Abstract: Brain tumor segmentation plays a crucial role in the diagnosis and treatment planning of brain tumors. In recent years, deep learning techniques have shown remarkable success in medical image segmentation tasks. In this study, we propose the use of three deep learning architectures, namely ResNet, U-Net, and ResUNet, for brain tumor segmentation. ResNet is a popular deep residual network known for its ability to capture complex image features. U-Net is a widely used architecture for biomedical image segmentation, known for its effective encoding-decoding structure. ResUNet is a hybrid architecture that combines the advantages of ResNet and U-Net. We evaluate the performance of these architectures on a publicly available brain tumor segmentation dataset.

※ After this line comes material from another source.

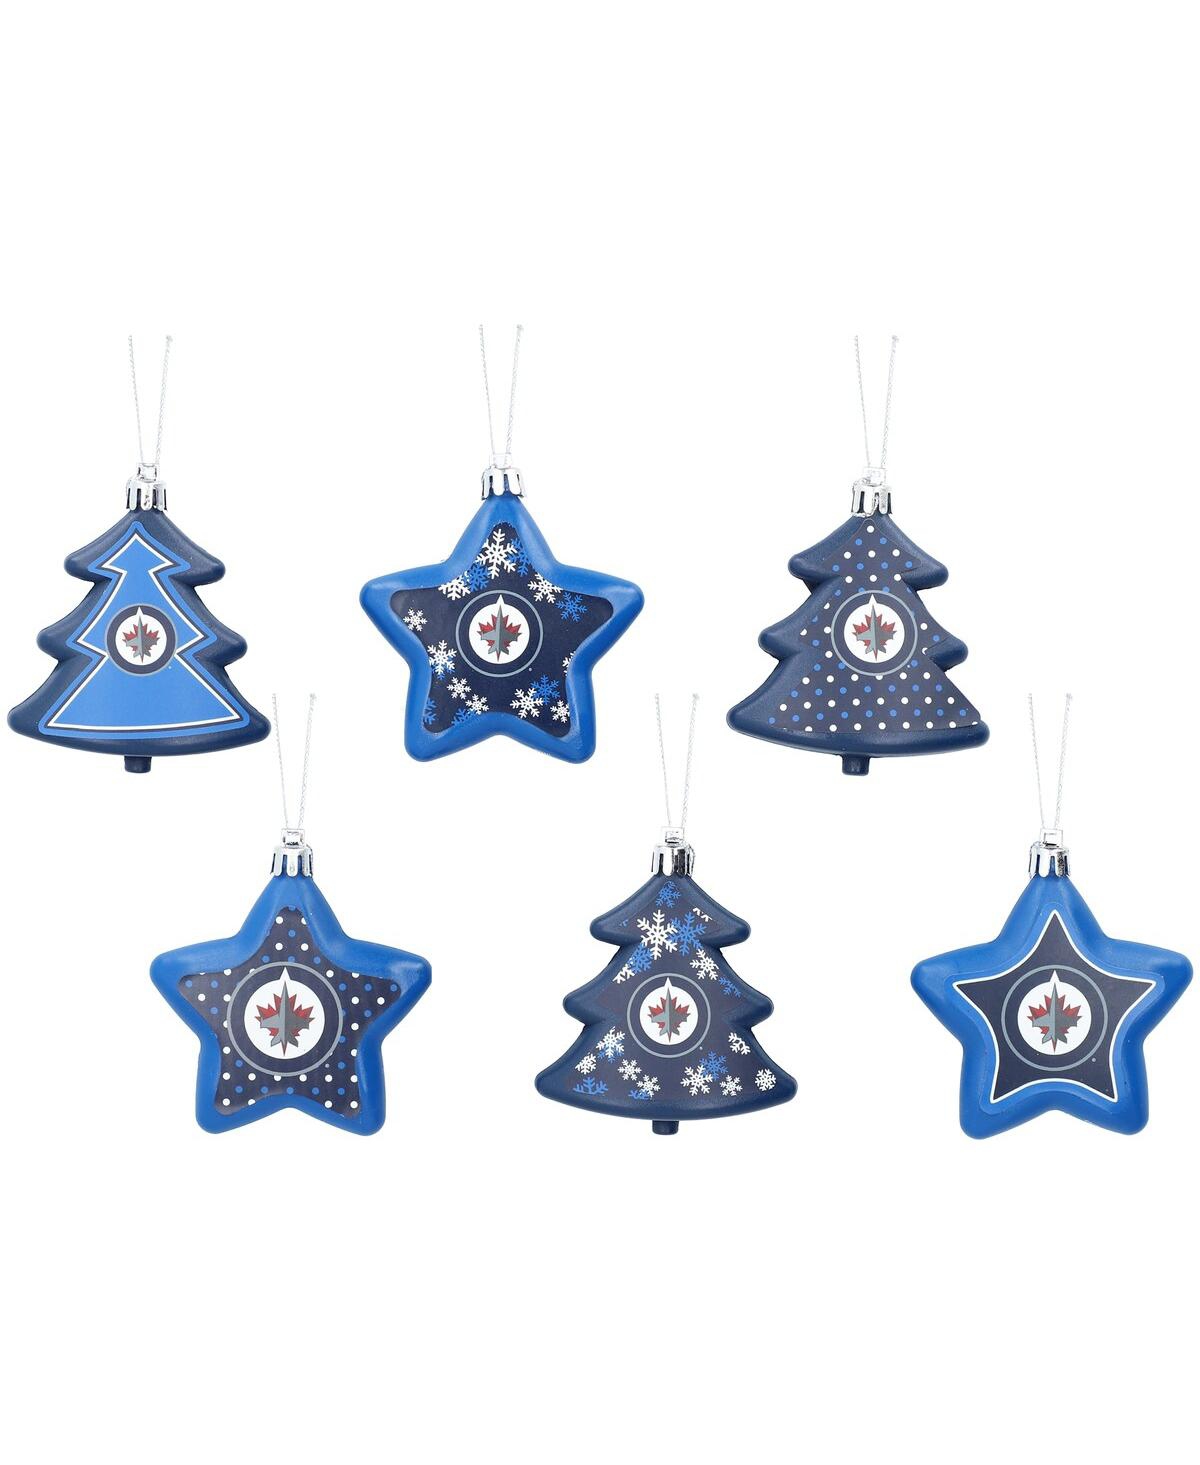 Foco Winnipeg Jets 3'' X 3'' Six-pack Shatterproof Tree And Star Ornament Set In Blue,black

The dataset consists of magnetic resonance imaging (MRI) scans of brain tumors, with annotated tumor regions. We preprocess the data and train the models using a combination of loss functions and optimization algorithms. We compare the segmentation results of ResNet, U-Net, and ResUNet in terms of accuracy, sensitivity, specificity, and Dice coefficient. The experimental results demonstrate the effectiveness of deep learning models in segmenting brain tumors. The ResNet architecture achieves high accuracy in capturing fine details and subtle tumor boundaries. The U-Net architecture effectively captures contextual information and produces accurate tumor segmentations. The ResUNet architecture combines the strengths of both ResNet and U-Net, achieving improved segmentation performance.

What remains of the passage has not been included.